All times are UTC [ DST ]




Post new topic Reply to topic  [ 7 posts ] 
Author Message
PostPosted: February 25th, 2010, 7:15 pm 
Offline

Joined: April 14th, 2009, 10:40 am
Posts: 182
Hi everybody!
For a "WIP" I coded this function to get words frequencies from a file (*.txt for now) or from a clipboard.

Function:
Code:
/*
Function : GetWordsFrequencies()
Argument : File > GetWordsFrequencies(File)  or   Clipboard > GetWordsFrequencies()
Author: TomXIII
*/

If 0 = 1 ;If a file is directly passed
{
   File = %1%
   GetWordsFrequencies(File)
}

GetWordsFrequencies(InFile="") ;Main function
{
   Text := GetText(InFile)
   Text := ListWords(Text)
   WordsList := SetWordsList(Text)
   UseWordsList(WordsList)
}

;=============================================

GetText(InFile)
{
   If FileExist(InFile)
   {
      SplitPath, InFile,,, FileExt
      If (FileExt<>"txt") ;Poor convert method, doesn't work often!
      {
         TempFile = %A_ScriptDir%\temp.txt
         FileRead, TempText, %InFile%
         FileDelete, %TempFile%
         FileAppend, %TempText%, %TempFile%
         FileRead, TempText, %TempFile%
      }
      Else
         FileRead, TempText, %InFile%
   }
   Else
      TempText := Clipboard
   Return, %TempText%
}

ListWords(TempText) ;Extract all words and separate them with "-"
{
   TempText := RegexReplace(TempText, "(`r|`n|`r`n)", " ")
   TempText := RegexReplace(TempText, "i)[^[:alpha:]éÉèÈàÀùÙâÂêÊîÎôÔûÛïÏëËüÜçÇ'æÆœŒ ]?", "") ; Special chars for French words
   TempText := RegexReplace(TempText, "[ ]+", "-")
   Return, %TempText%
}

SetWordsList(TempText)
{
   StringSplit, TempWord, TempText, -
   TempText = -%TempText%-
   Loop, %TempWord0%
   {
      CurrentTempWord := TempWord%A_Index%
      RegEx = i)-%CurrentTempWord%-
      TempText := RegexReplace(TempText, RegEx, "-", RplCount)
      If (RplCount and CurrentTempWord)
      {
         StrLen := StrLen(RplCount)
         Loop,% 3-StrLen
            RplCount := "0" . RplCount
         CurrentLine := RplCount . "`t   |`t" . CurrentTempWord
         TempList := TempList ? TempList . "`n" . CurrentLine : "Frequency`tWord`n____________________`n" . CurrentLine
      }
   }
   Sort, TempList, D`n R
   Return, %TempList%
}

UseWordsList(TempWordsList)
{
   OutFile = %A_ScriptDir%\Words_Frequencies.txt
   FileDelete, %OutFile%
   FileAppend, %TempWordsList%, %OutFile%
   Run, %OutFile%,,UseErrorLevel
   If ErrorLevel
      MsgBox, Error occured!
}


Sample:
Code:
#Include %A_ScriptDir%\WordFrequencyCounter.ahk
File = %A_ScriptFullPath%
GetWordsFrequencies()


Last edited by TomXIII on February 26th, 2010, 11:28 pm, edited 3 times in total.

Report this post
Top
 Profile  
Reply with quote  
 Post subject:
PostPosted: February 25th, 2010, 9:25 pm 
Offline

Joined: November 7th, 2006, 9:47 pm
Posts: 1933
Location: Germany
Hi, a while back I wrote a similiar function for counting words.
:arrow: wc - counts words in a string
(The archive contains an example script.)

I did compared the two functions.
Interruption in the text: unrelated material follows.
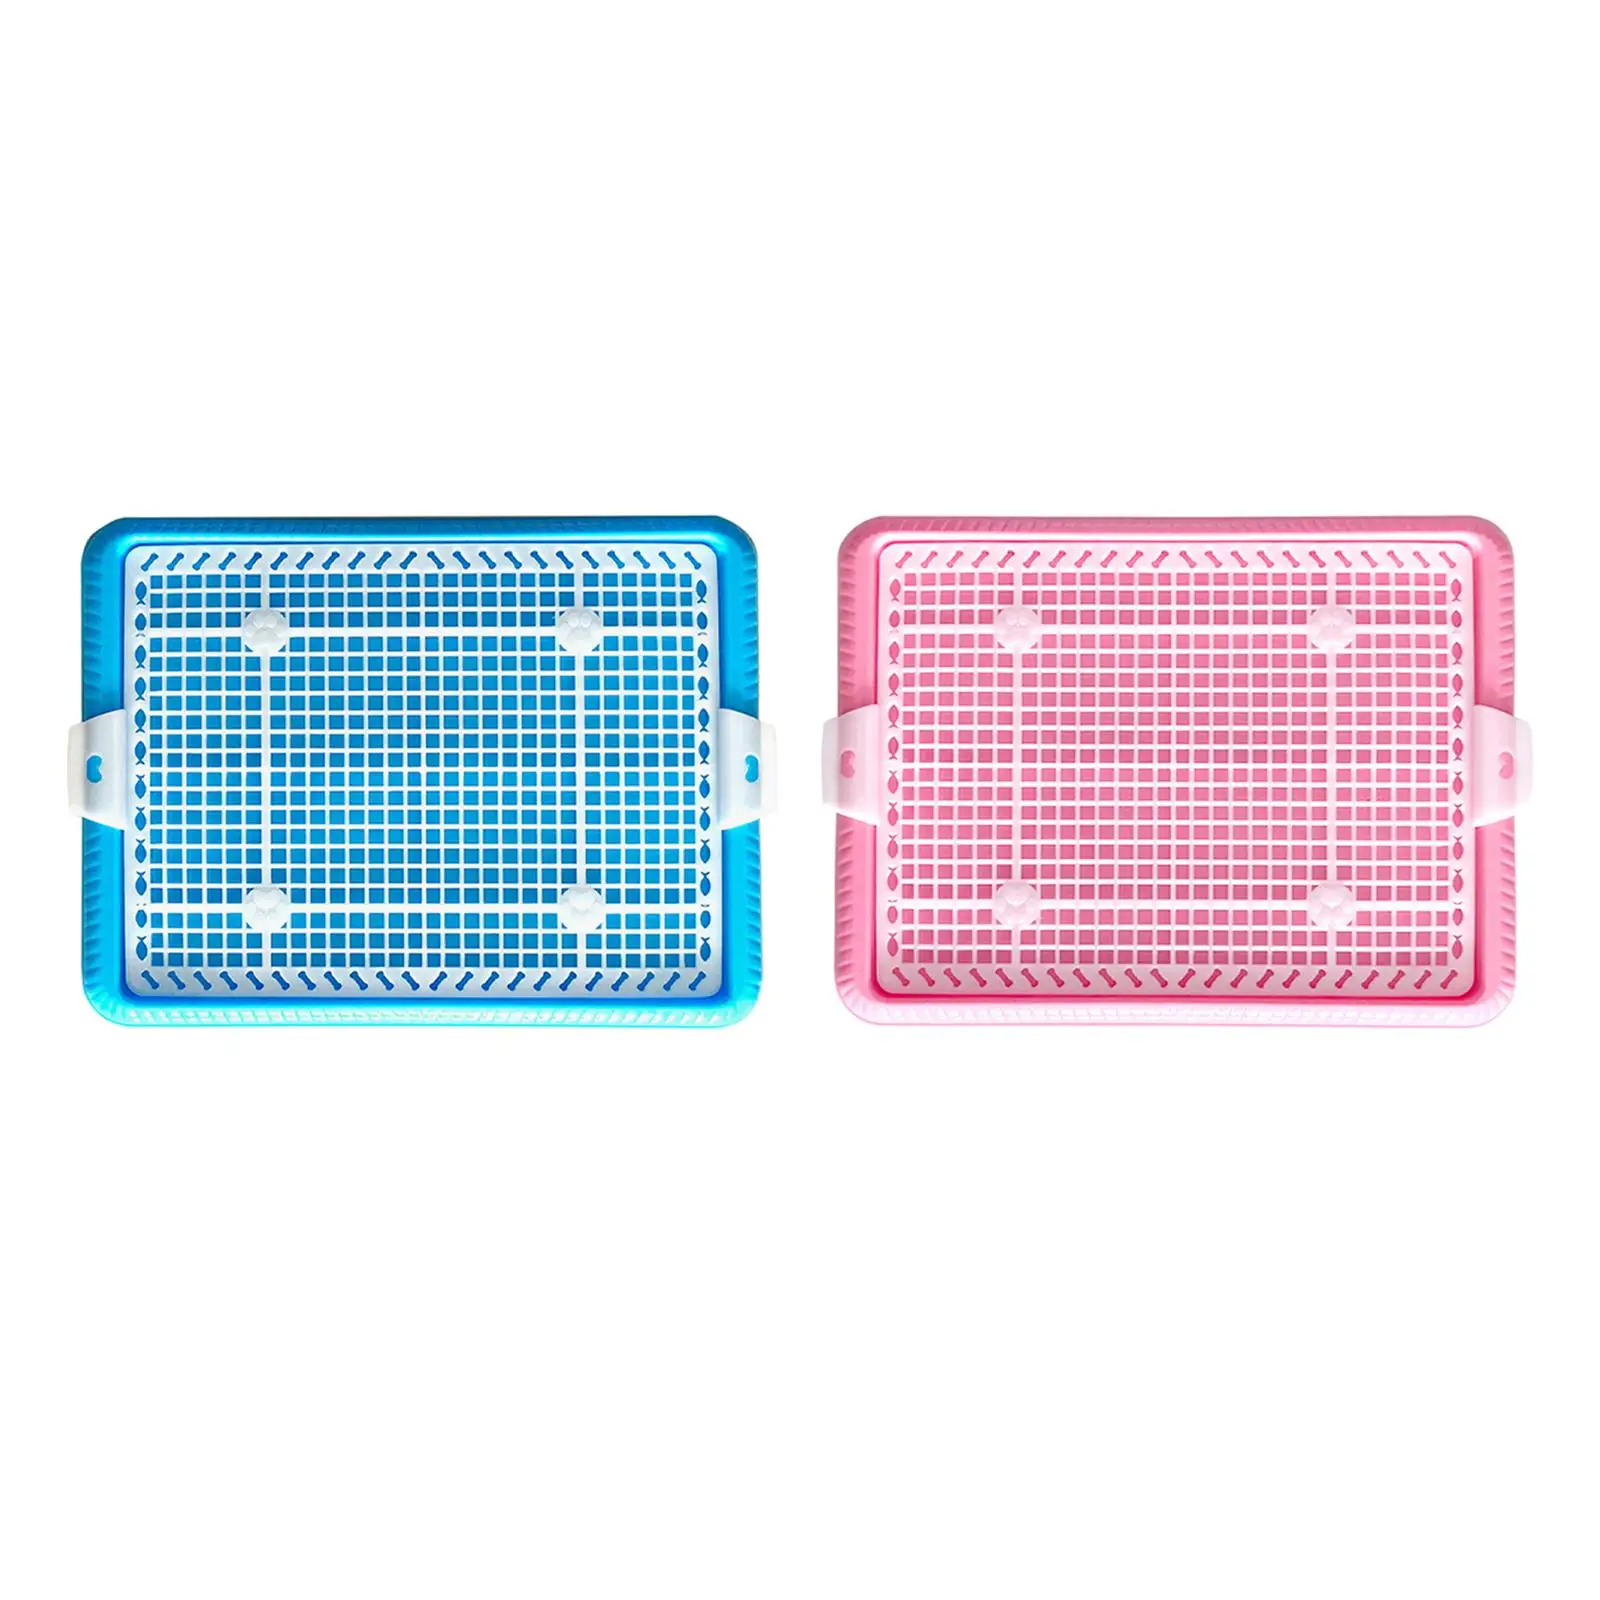 Dog Litter Boxes Indoor Easy to Clean Anti Slip Mesh Training Potty Pan Potty

Count of the word "TempText" in your script shows "12" counted instances, whereas my script counts "18".
But if I count all instances of the word by hand, I came up to "19". :shock:
Mine is closer. :P

(My script returns an double colon and semicolon delimited list, instead showing a Gui.)

_________________
{1:"ahkstdlib", 2:"my libs", 3:"my apps", 4:"my license"}
--> Don't feed the troll! <--


Report this post
Top
 Profile  
Reply with quote  
 Post subject:
PostPosted: February 26th, 2010, 12:12 am 
Offline

Joined: April 14th, 2009, 10:40 am
Posts: 182
Hi Tuncay!

At the beginning, my script was coded for French words.
May be the main issue is in the regex which doesn't recognises enough what are "words"!
I done this script quickly so it needs several improvments.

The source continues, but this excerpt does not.